We strolled. Rather, we walked, purposefully, hiding our map as best we could, glancing up at street signs as surreptitiously as possible. I thought, as most tourists do, that I would spot a famous person at any minute. I kept an eye out for Woody Allen’s fishing hat; Madonna jogging by with a phalanx of no-necked bodyguards; some lesser famous person from some soon-to-be-canceled TV sitcom, eating sushi and talking on her cell phone. As we went farther down into the bowels of the island along Broadway, and crossed over Houston, I felt I was entering the New York I cared about most. The gritty New York, the authentic New York, the New York of Jack Kerouac, Iggy Pop and pre-70’s Warhol. I was pleased to see that, even in the middle of the incredible economic boom, there were abandoned vans covered with graffiti, poor-looking eccentrics with hair reminiscent of “Seinfeld’s” Kramer, crushed coffee cups from Dunkin Donuts along the curb like sad urban flowers. In short – there was a New York that still existed beyond what the media shows you.

We passed by street vendors selling rows and rows of trendy sunglasses, Rastafarians burning incense and selling mixed tapes wrapped in de rigueur yellow red and green cases, teenage girls chatting on candy-colored cell phones, wearing halter tops that could make perverts of us all. We marveled at all the stores selling incredibly zippy shoes; we looked around at the materialistic bounty of Canal Street and suddenly wanted twenty things we had no thoughts about a half hour before. I felt drab and outdated in my tight white t-shirt and khaki pants, a creature about to be made extinct by kids with blue hair and yellow-tinted sunglasses resembling sleek ski goggles. We ducked onto a quieter street. We went into art galleries, feeling grateful every time the aesthetic merchants were kind to us, treated us like real potential buyers or artists. Despite my plain t-shirt, I realized they had no preconceptions of my wealth, or lack thereof – If you are in New York, and not obviously a tourist, or crazy, it is assumed you have ready cash. We gazed at walls and walls of realism and abstraction, of “found” art and post abstraction, of art that would probably be forgotten and art that was bound for museums.

We continued our tour of Southern Manhattan: we bought Lower East Side t-shirts; we ate bad Chinese food at a serve yourself deli; we sat in Washington Square Park and watched two young black men do back flips before a large, random audience, and stuffed a dollar bill into their upturned Yankees hat.
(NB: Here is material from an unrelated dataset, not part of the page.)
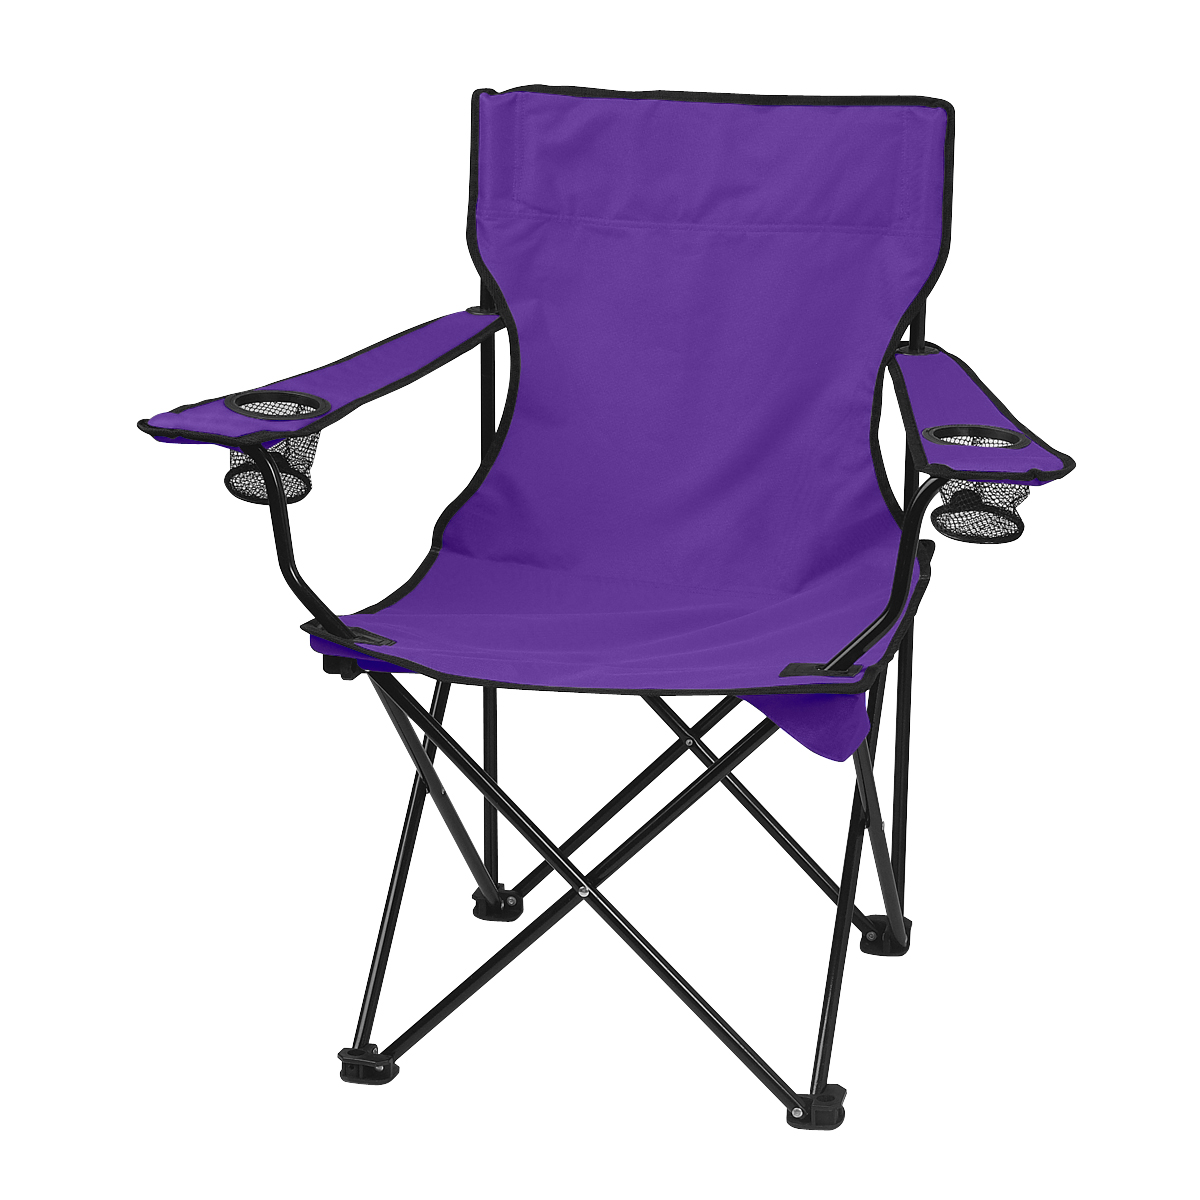 Printed Folding Chair With Carrying Bag

It was getting late. We were exhausted from the heat, the crowds, the incredible first-rate LARGENESS of it all. We turned in the direction of Penn Station, back towards Penn Station, and the anticlimax of our own city.

On our walk uptown, at 27th street and the Avenue of the America’s, a fashion shoot was taking place. Women in shining cat suits and heels that could, placed correctly, kill someone, were performing their own subtle slow motion dances before the indifferent eye of the phallic-lensed whirring camera. A small audience had gathered, and even my girlfriend, a relentlessly jealous type, stopped and watched, silent, holding my hand, at the spectacle of God’s most polished handiwork before us. As we descended into the train station, later, it was hard not to feel we were leaving some sort of mad, imperfect heaven, and traveling two hours back to the greyer confines of purgatory.